Dustin's AMD Pure Budget System
Hardware Component Price
Processor AMD Athlon II X4 640
(Propus 45nm, 3.0GHz, 4x512KB L2, 95W)
Video Integrated ATI Radeon HD 4250 -
Motherboard MSI 880GM-E41 (AMD 880G/SB710 AM3) $75
Memory Corsair 4GB (2x2GB) DDR3-1333 CL9 (CMV4GX3M2A1333C9) $59
Hard Drive Samsung Spinpoint F3 500GB
(HD502HJ 7200RPM 16MB)
Optical Drive LG 22X DVDRW (GH22LS50) $17
Case Cooler Master Elite 360 $40
Power Supply Antec EarthWatts Green EA-380D 380W
(380W 80 Plus Bronze Certified)
Base System Total $375

Over the past summer I wound up building a rash of budget systems for friends and family; over the past year you can chalk a couple more up.
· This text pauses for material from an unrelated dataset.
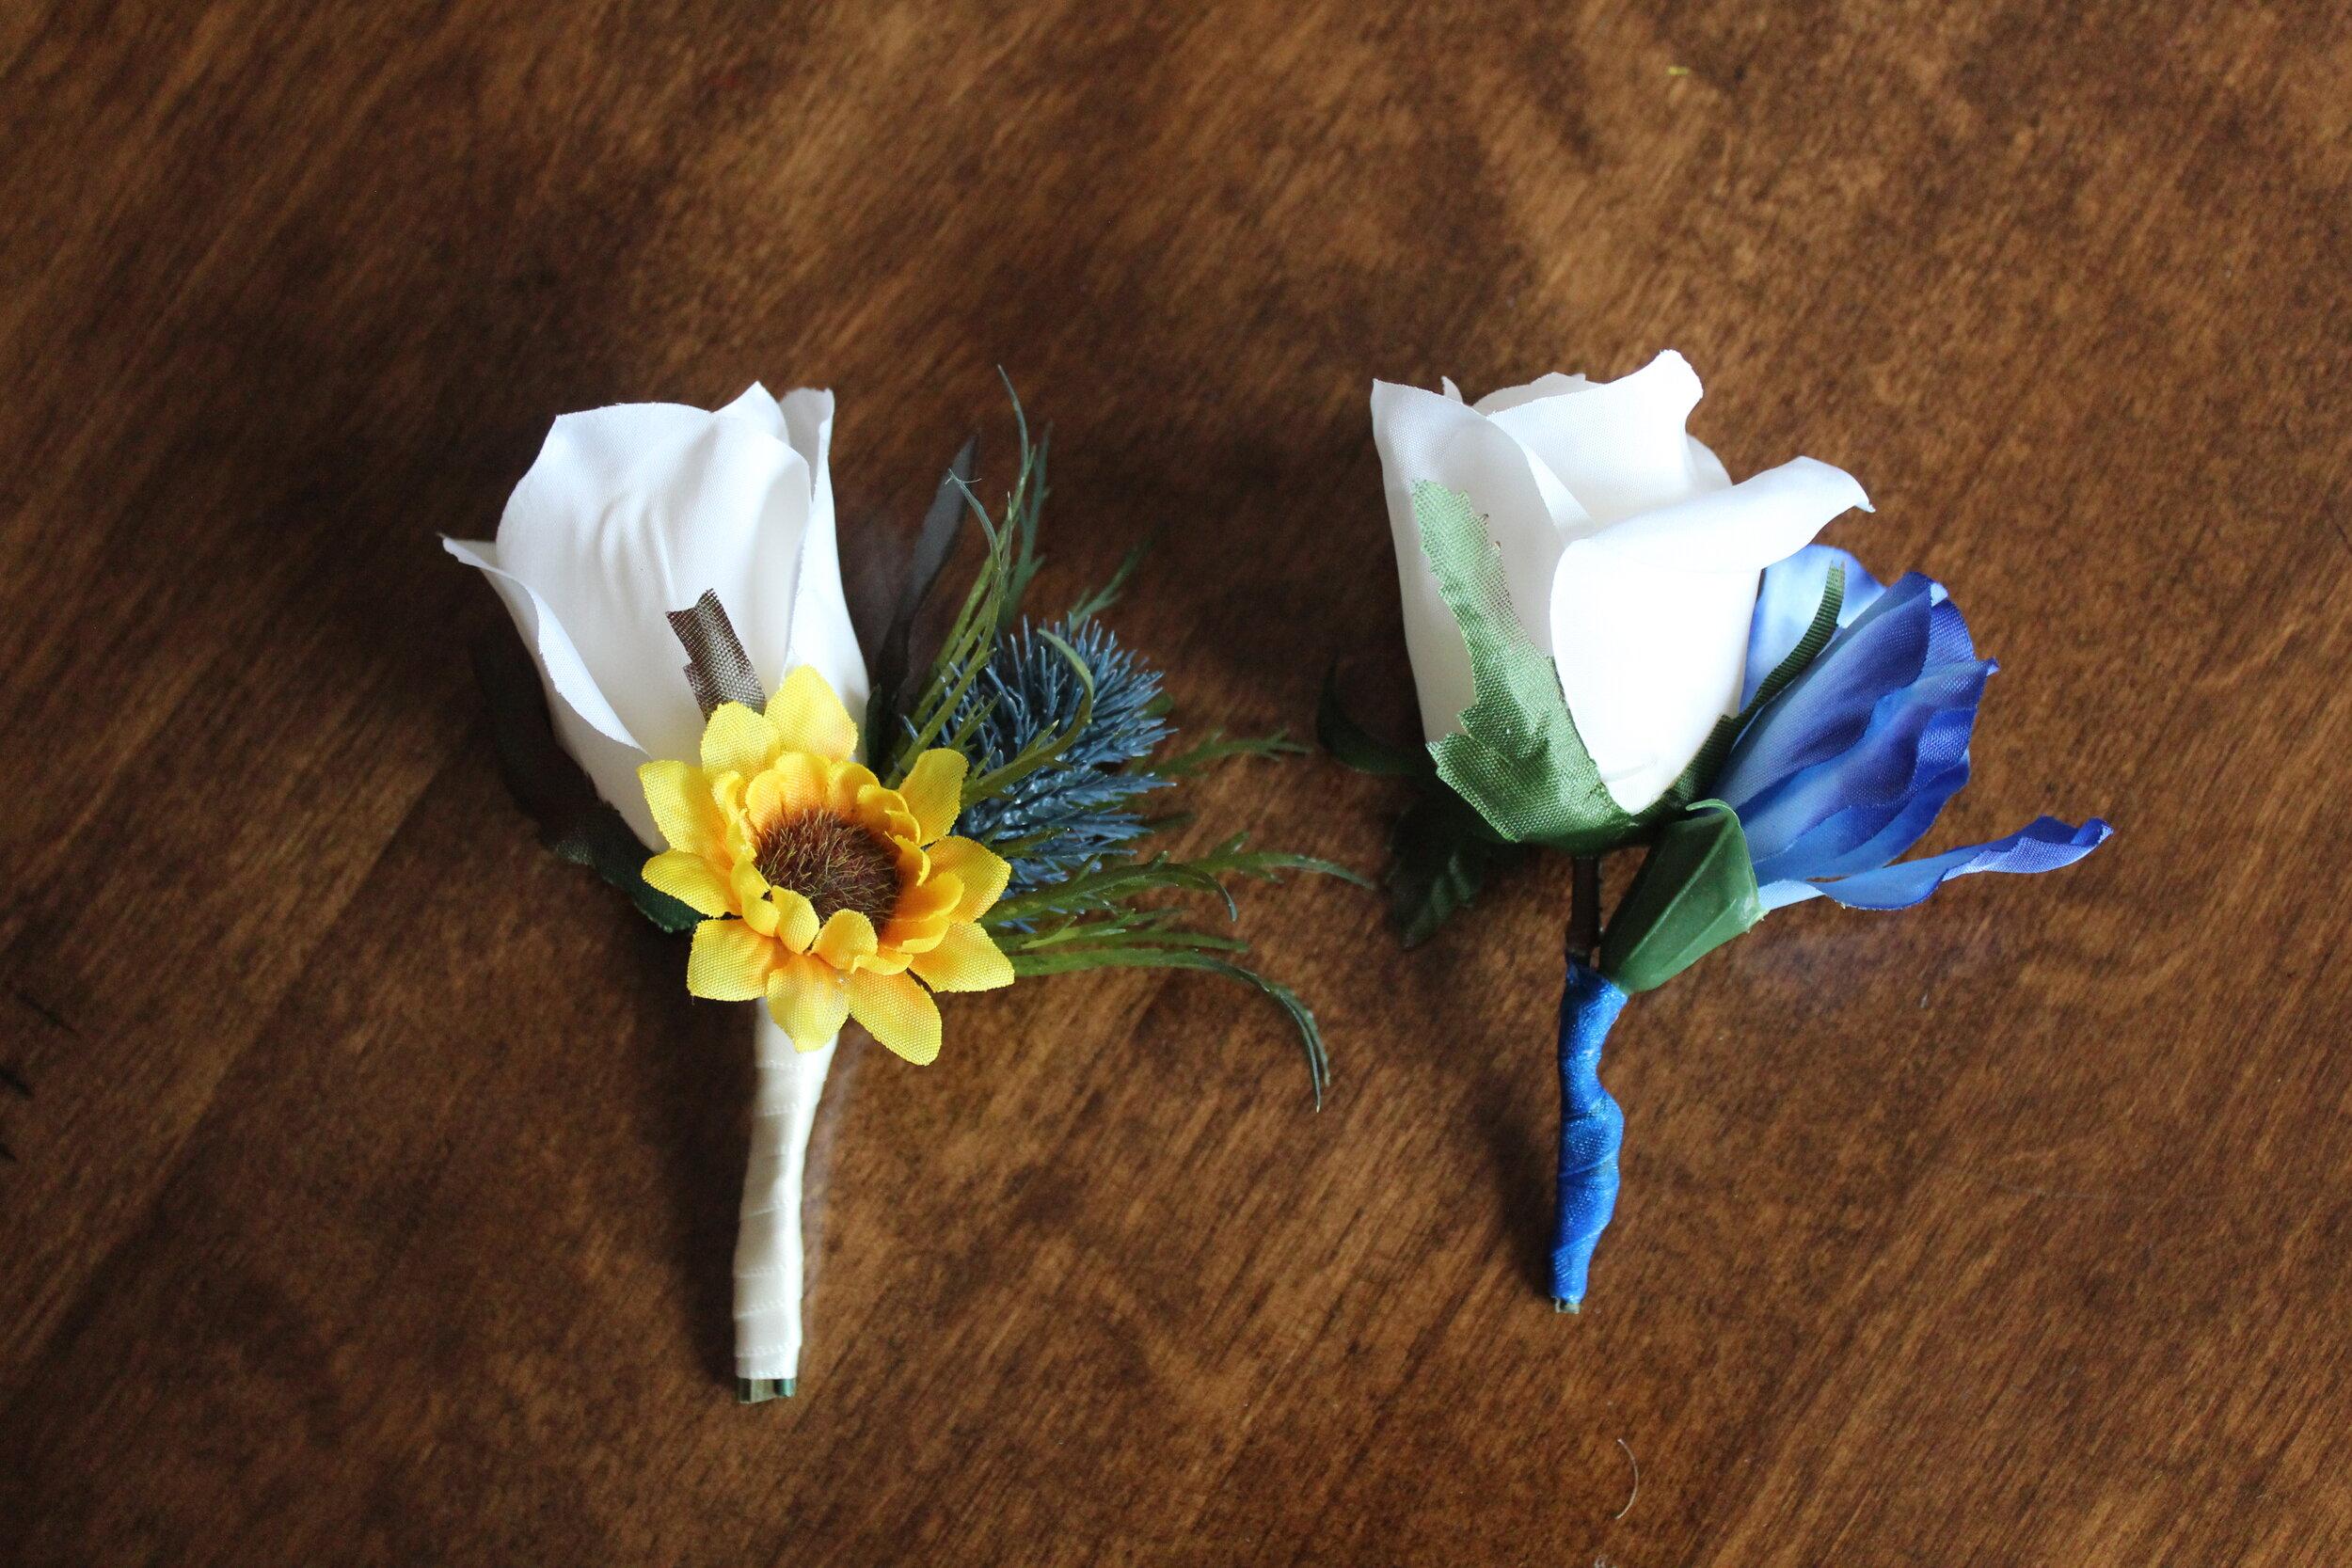 silk-boutonnieres-corsages-wedding-flowers-bridal-bouquet.jpg
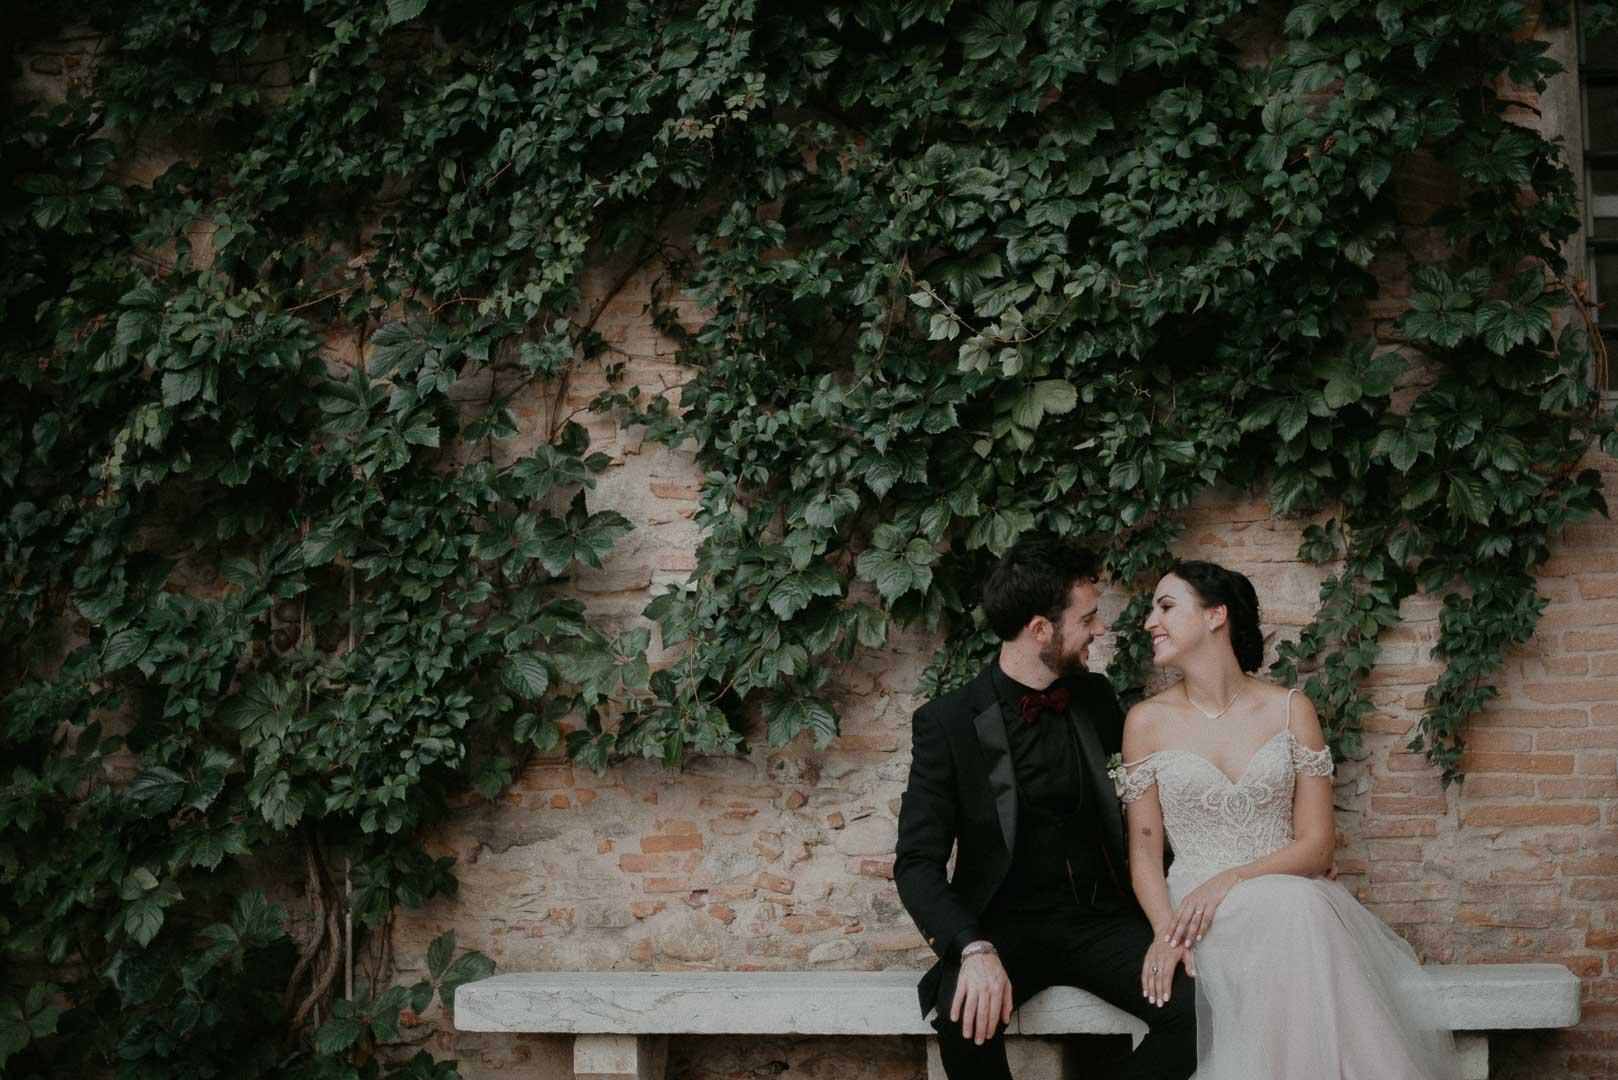 wedding-photographer-destination-fineart-bespoke-reportage-tuscany-villascorzi-vivianeizzo-spazio46-108

I actually have about two more queued up for the holiday season, so suffice it to say I keep a list of go-to parts for my builds that I've been consistently satisfied with. For this build I decided to go for a sort of "optimum budget" machine, and with most selections I'll have a suggestion as to how to reduce the price tag without hurting overall quality. There are some compromises made here—note the lack of a video card—but I'm perfectly happy putting my stamp on this system.

The first big decision is the processor, and I want something that'll last. It's true that Grandma Millie may not need all that power, but I've found that the AMD Athlon II X4 has been my go-to for nearly every budget build since its inception; it's just that good of a deal. The price-performance is undeniable and when you can get a quad core for $99, why would you settle for less? If you need to make a deeper cut for users who aren't going to push the system that hard, I've been remarkably impressed by the AMD Sempron 140. It's a 2.7GHz single core, but of the three I've built, two have unlocked into stable dual-cores—i.e. Athlon II X2—and at $33, it's an absolute steal.

Picking the motherboard turned out to be a bit trickier, but I've found myself consistently satisfied with boards from MSI, Gigabyte, and ASUS. After narrowing the brand down, I want an integrated chipset that's going to pass my "Grandma Test:" is it powerful enough to play Hulu and YouTube HD video? That leaves us with the 785G and 880G chipsets, and since those have hit price parity (actually the 880G is cheaper now!), I opted to go with MSI's 880GM-E41. I'm not too thrilled about the SB710 Southbridge, but the lack of 6Gbps SATA isn't devastating. The ATI Radeon HD 4250 integrated graphics part offers enough horsepower to even play the odd game, but mostly it's there for hardware-accelerated video and Flash (with 10.1), which can make a big difference with Hulu. Unfortunately, this is about as low as I'll go; other cheaper integrated chipsets don't bring that acceleration to the table.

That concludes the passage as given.